Start of RAW DATA

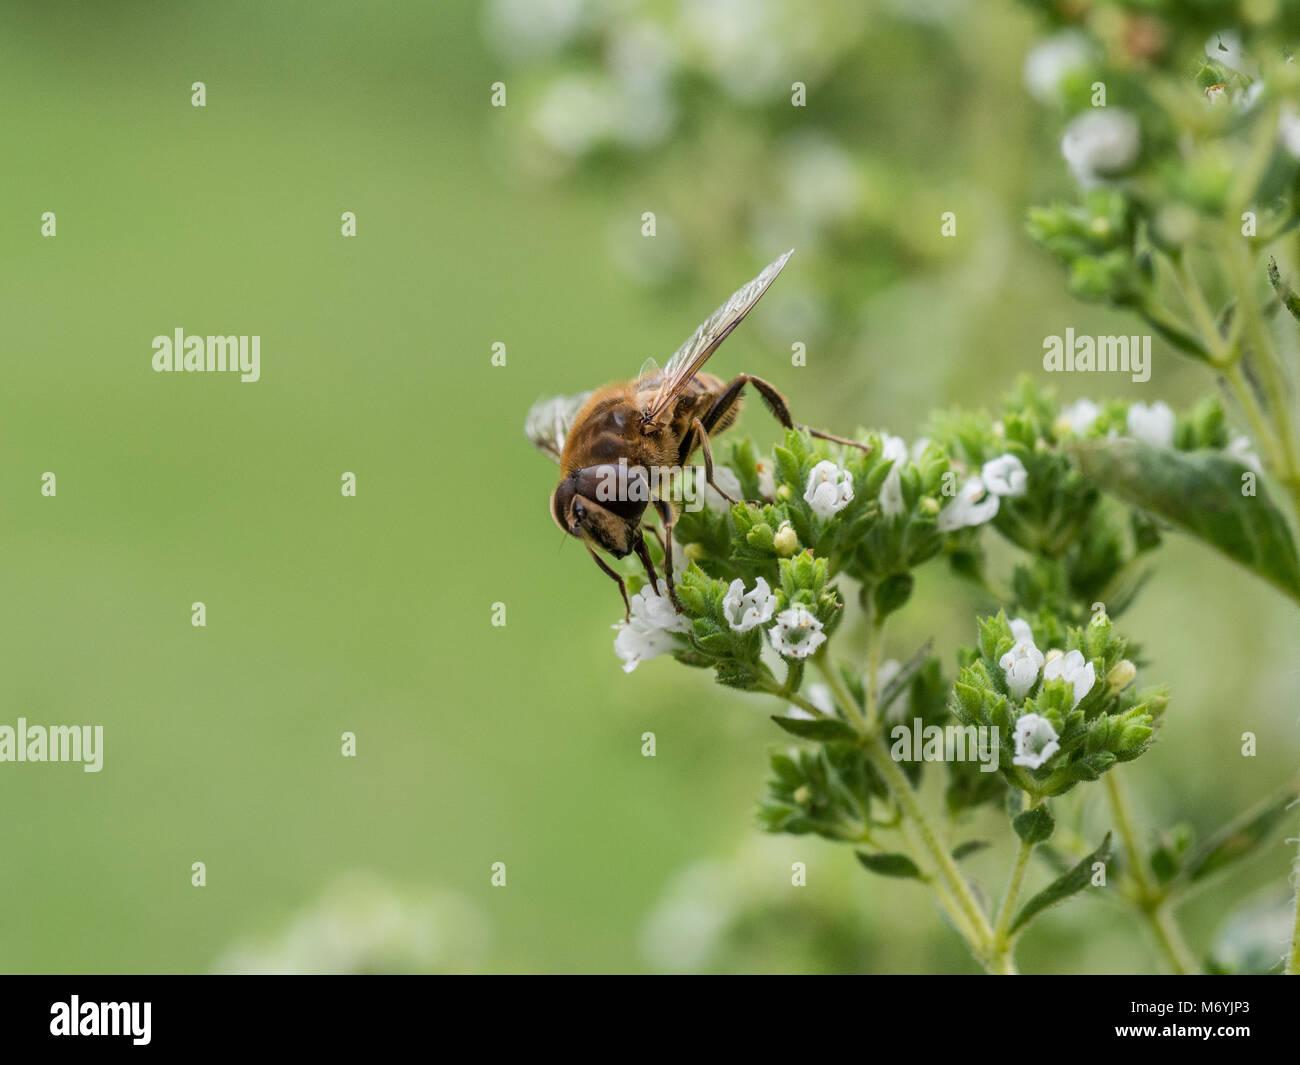 Cerca de una minería comunal alimentarse de una abeja Origanum flor Foto de stock
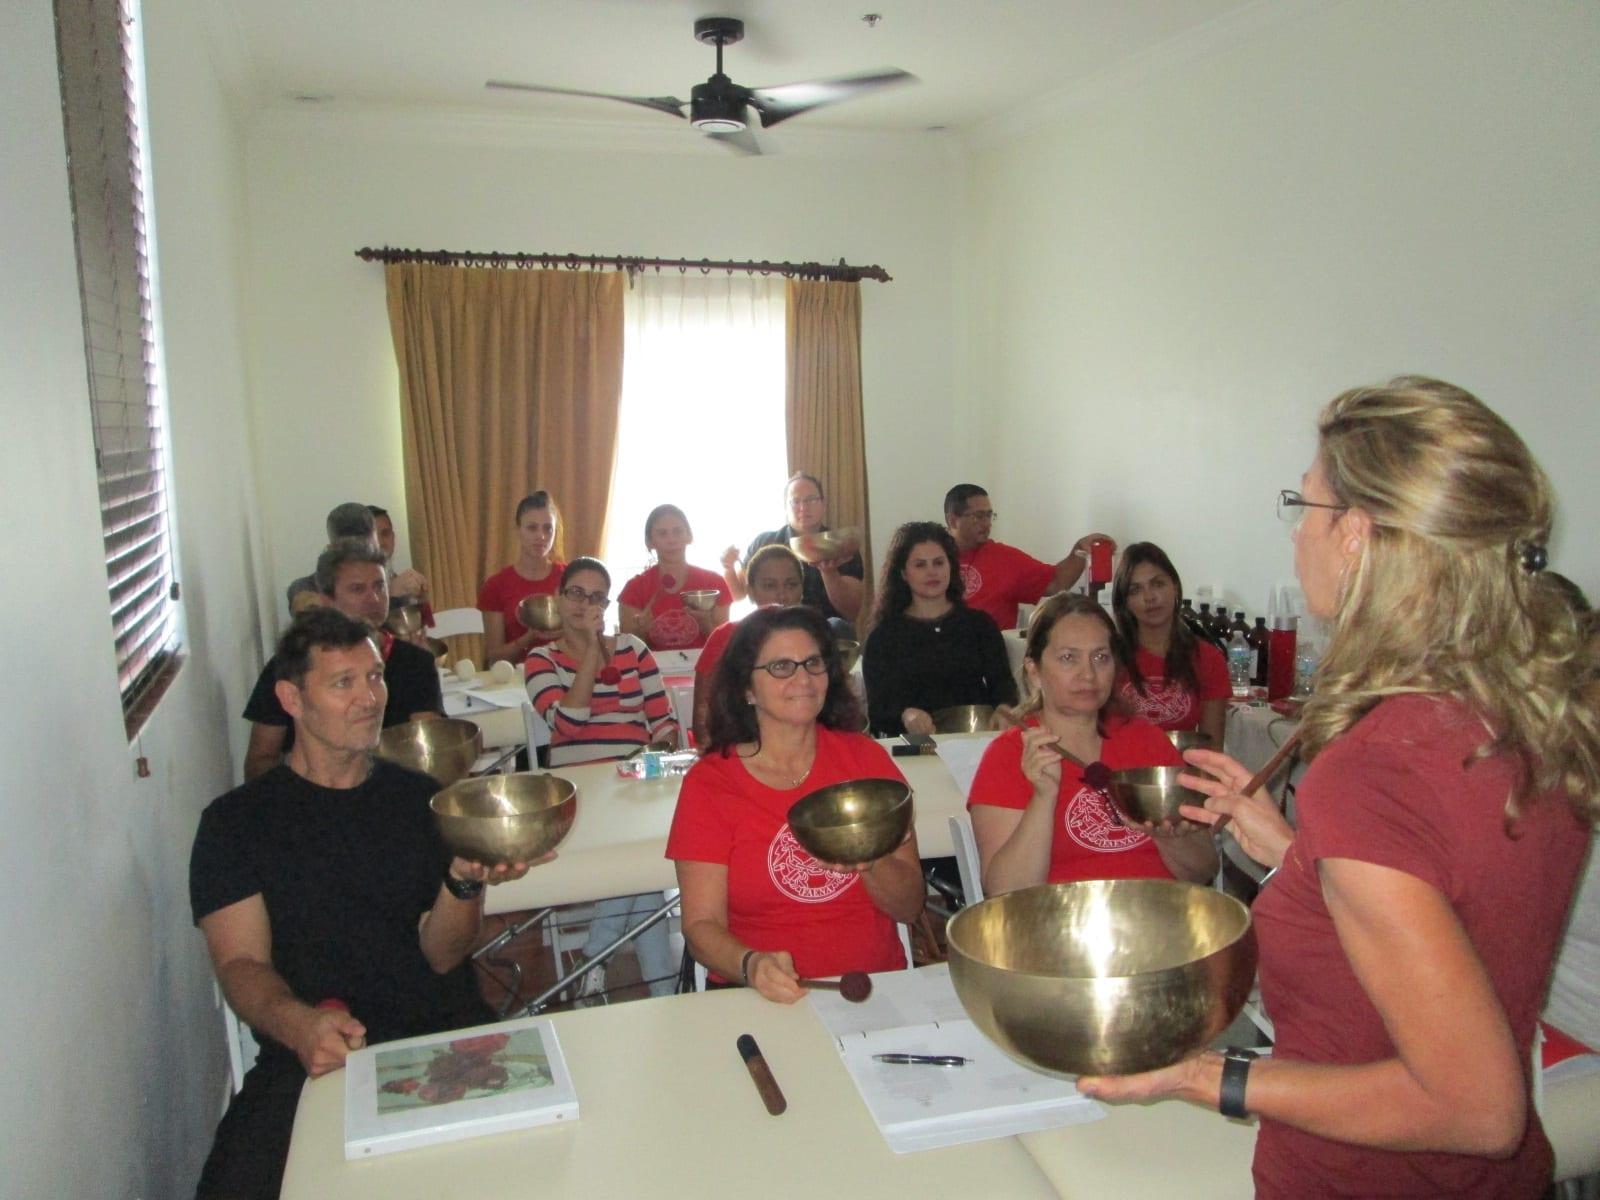 With Tibetan Singing Bowls
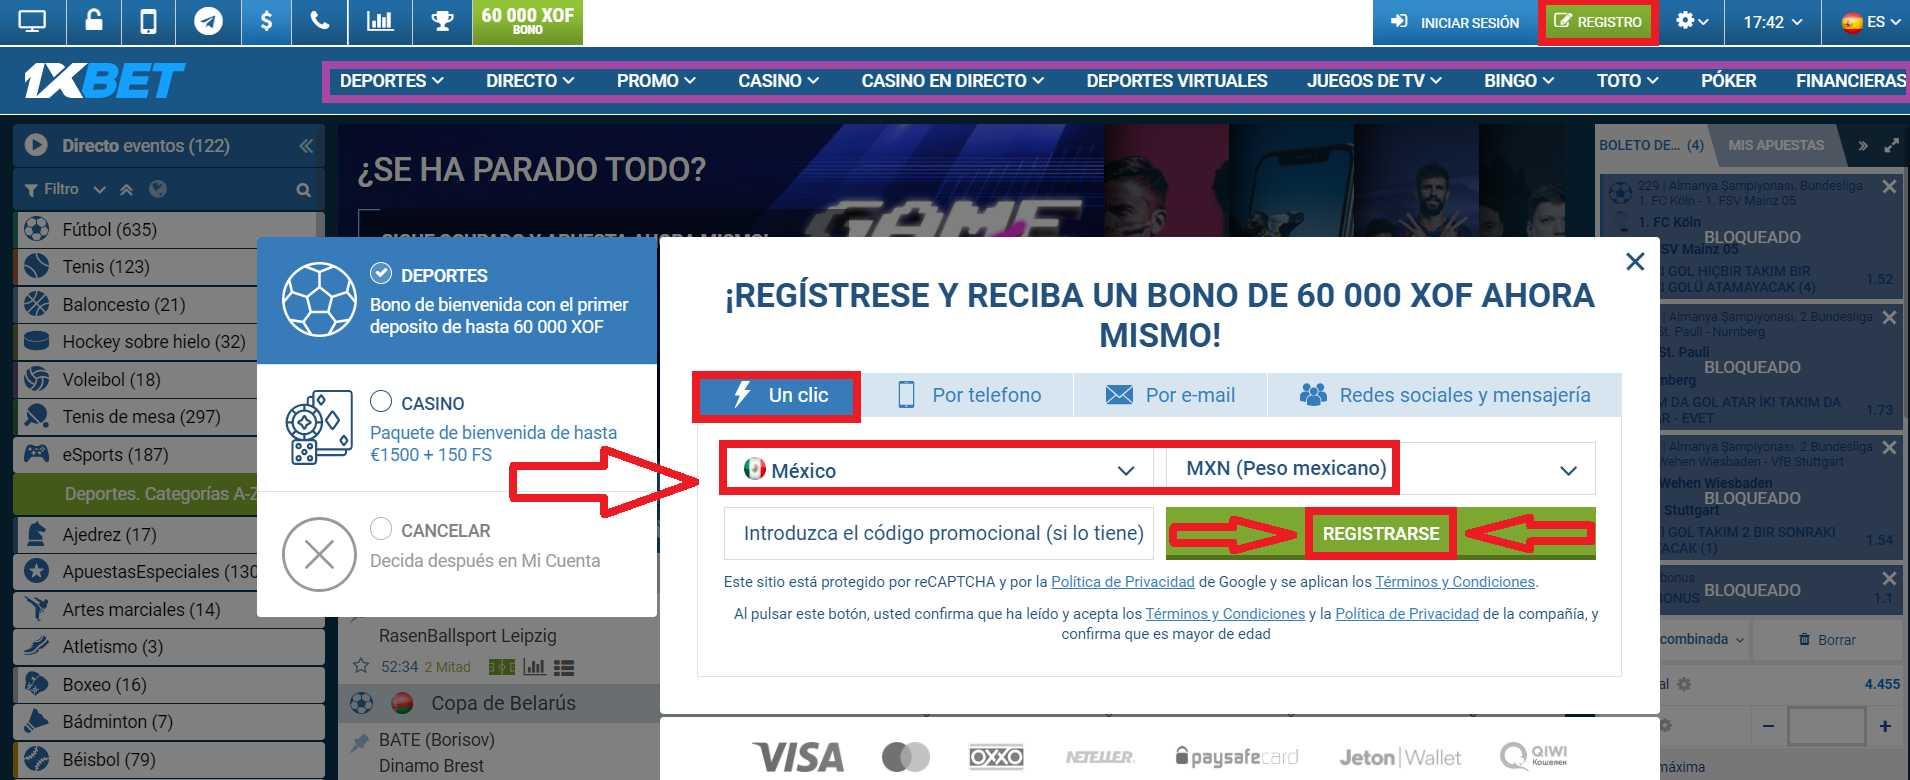 ¿Cómo obtener el bono al terminar el 1xBet registration?
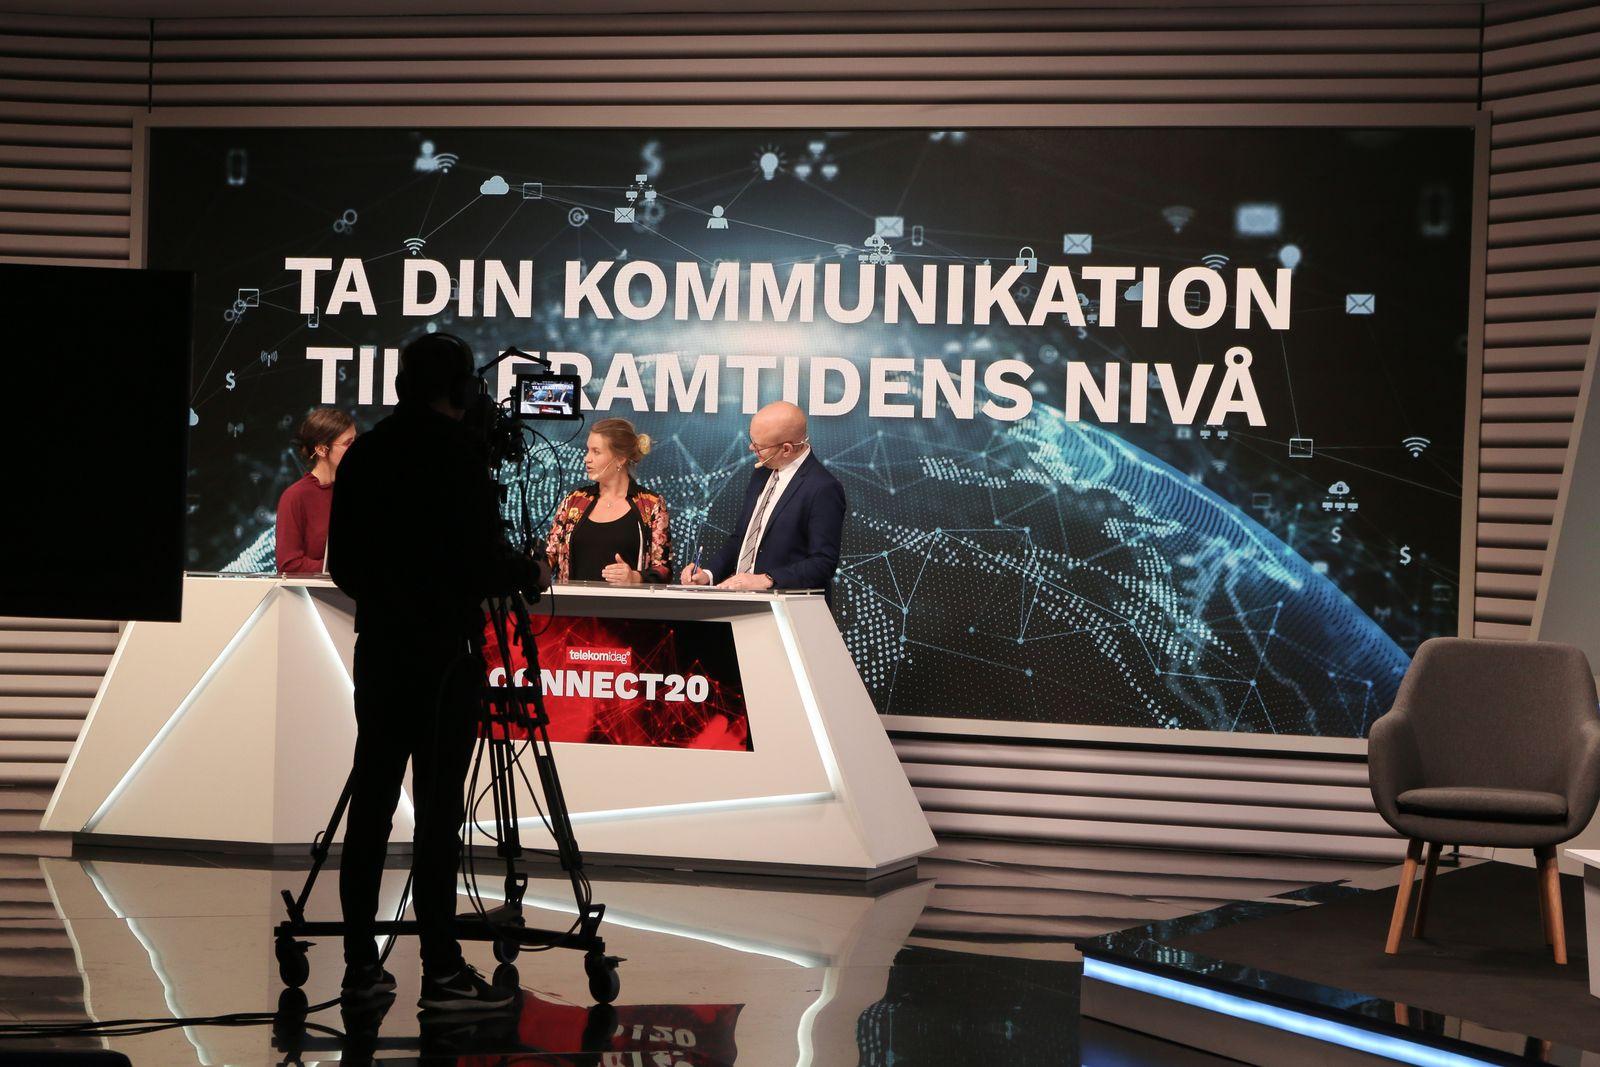 Martina Klingvall på Connect20 inspelningen

End of RAW DATA

GOAL OF THE EXERCISE
Copy every line above exactly; images stay out.

OUTPUT FOR THIS TASK
 Cerca de una minería comunal alimentarse de una abeja Origanum flor Foto de stock
 With Tibetan Singing Bowls
 ¿Cómo obtener el bono al terminar el 1xBet registration?
 Martina Klingvall på Connect20 inspelningen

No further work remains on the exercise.